21. Those submissions are nothing more than a disagreement with findings made by the Judge, which were clearly drawn from the evidence placed before him. Between [62] and [68] the Judge carefully considered the impact that return to Israel (and separation from her family) will have on the appellant. The Judge carefully considers the medical evidence and, at [68] of the decision, considers the incidents of violence in Tel Aviv. The Judge bemoans the dearth of independent documentary evidence about conditions in Tel Aviv and records the concession that the appeal is not advanced on article 3 ECHR grounds.

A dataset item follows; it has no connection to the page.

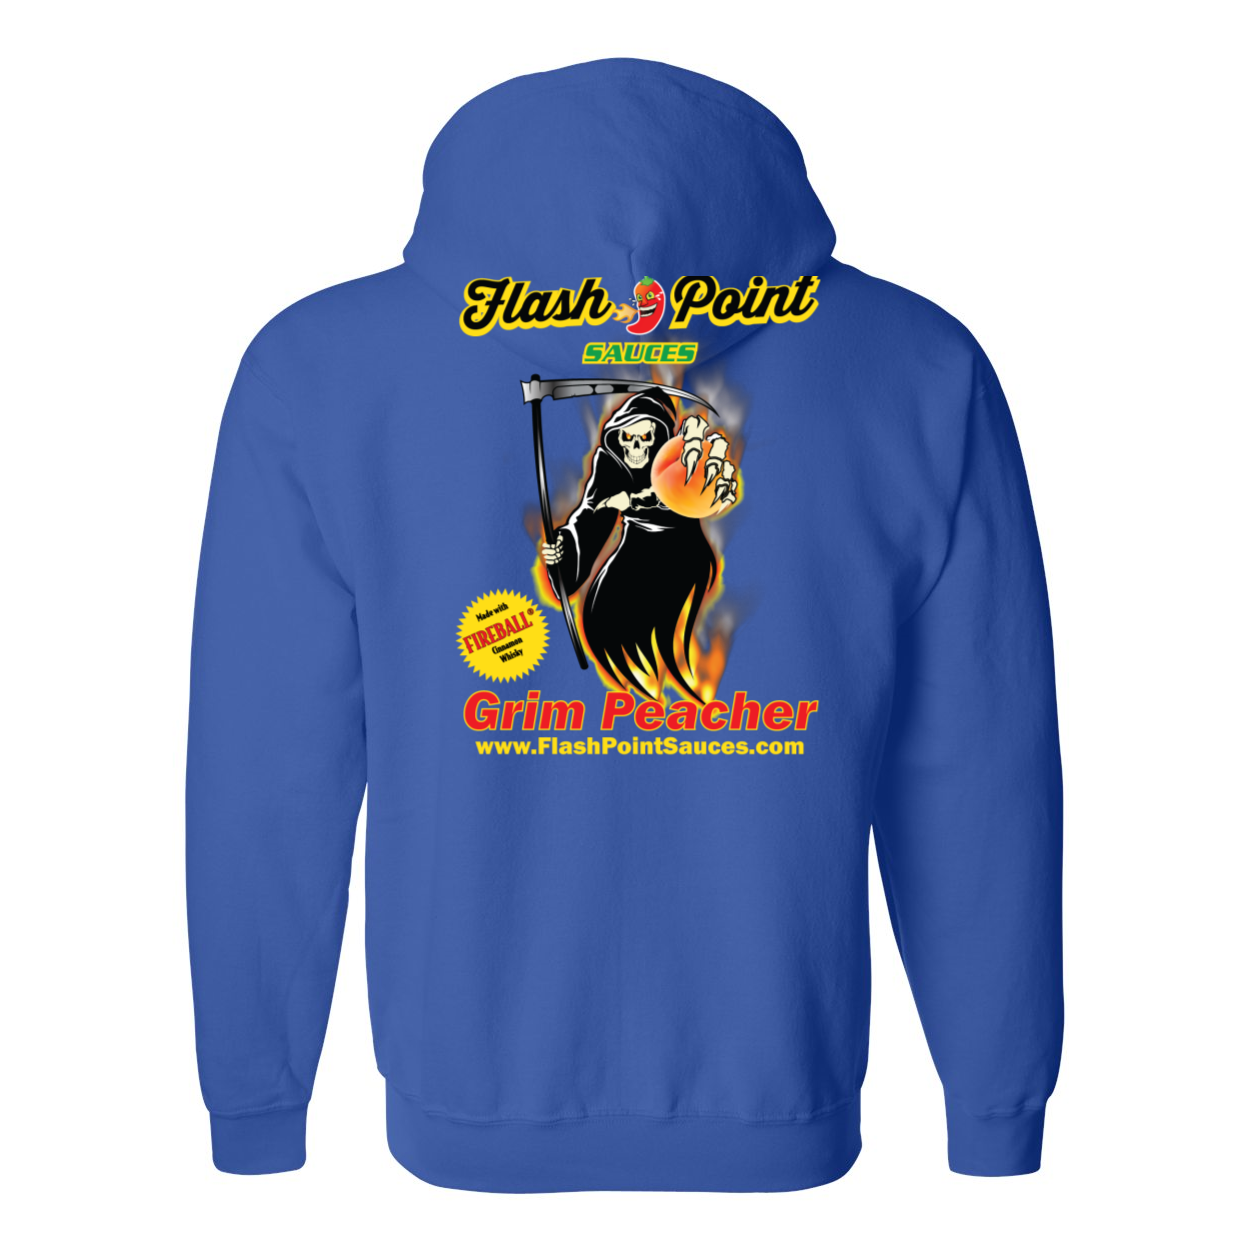 Grim Peacher Heavy Full-Zip Hooded Sweatshirt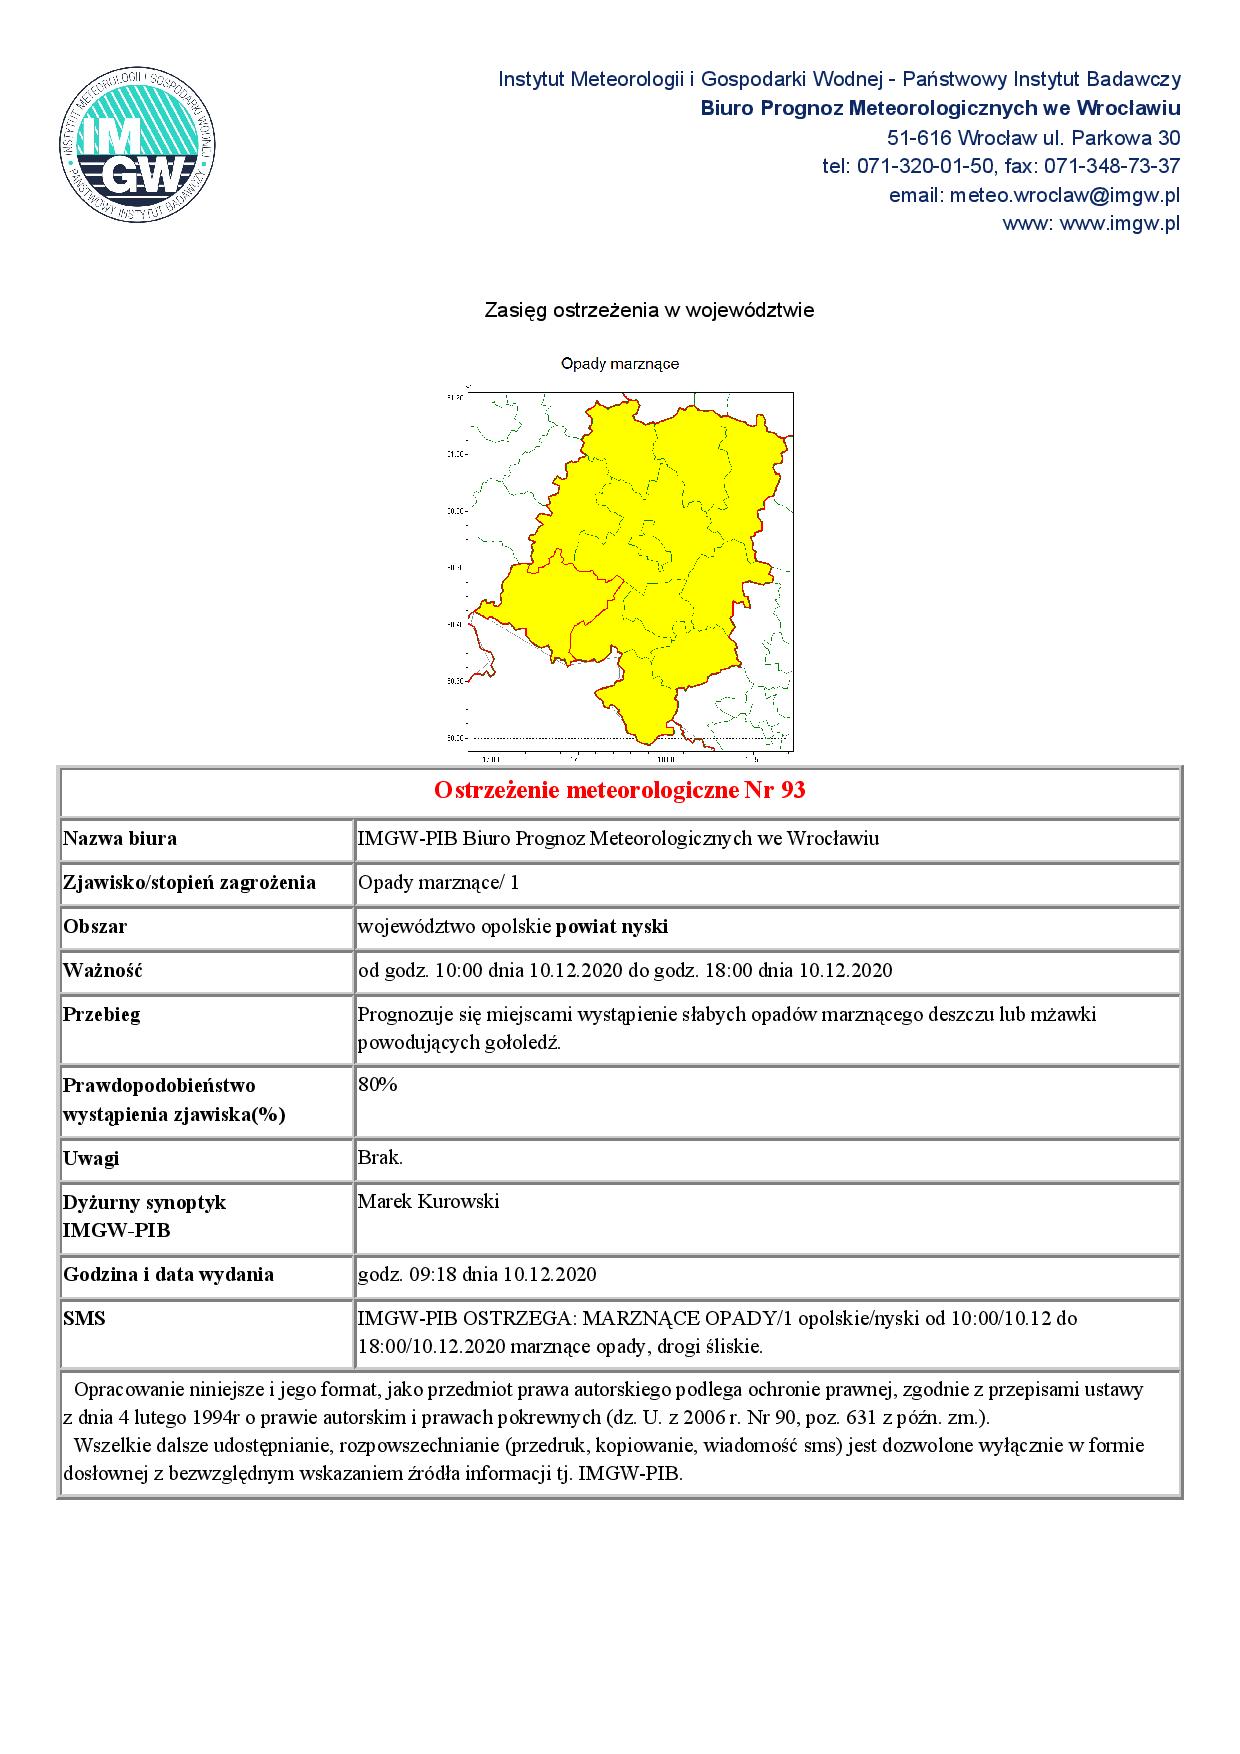 IMGW wydało ostrzeżenie pierwszego stopnia dla naszego województwa dotyczące możliwości wystąpienia zjawiska opadów marznących obowiązujące w dniu dzisiejszym w godzinach od 10.00 do 18.00.

22. The decision does not contain material errors of law. The grounds of appeal amount to an expression of dissatisfaction with the conclusion that the Judge reached, but on the evidence placed before the Judge, his decision is one which falls well within the range of conclusions reasonably open to the Judge.

23. In Shizad (sufficiency of reasons: set aside) [2013] UKUT 85 (IAC) the Tribunal held that (i) Although there is a legal duty to give a brief explanation of the conclusions on the central issue on which an appeal is determined, those reasons need not be extensive if the decision as a whole makes sense, having regard to the material accepted by the judge; (ii) Although a decision may contain an error of law where the requirements to give adequate reasons are not met, the Upper Tribunal would not normally set aside a decision of the First-tier Tribunal where there has been no misdirection of law, the fact-finding process cannot be criticised and the relevant Country Guidance has been taken into account, unless the conclusions the judge draws from the primary data were not reasonably open to him or her.
24. There is nothing wrong with the Judge's fact finding exercise. In reality the appellant's appeal amounts to little more than a disagreement with the way the Judge has applied the facts as he found them to be. The appellant does not like the conclusion that the Judge has come to, but that conclusion is the result of the correctly applied legal equation. There is nothing wrong with the Judge's fact finding exercise. The correct test in law has been applied. The decision does not contain a material error of law.
25. The Judge's decision, when read as a whole, sets out findings that are sustainable and sufficiently detailed and based on cogent reasoning.
CONCLUSION
26. No errors of law have been established. The Judge's decision stands.
DECISION
27. The appeal is dismissed. The decision of the First-tier Tribunal stands.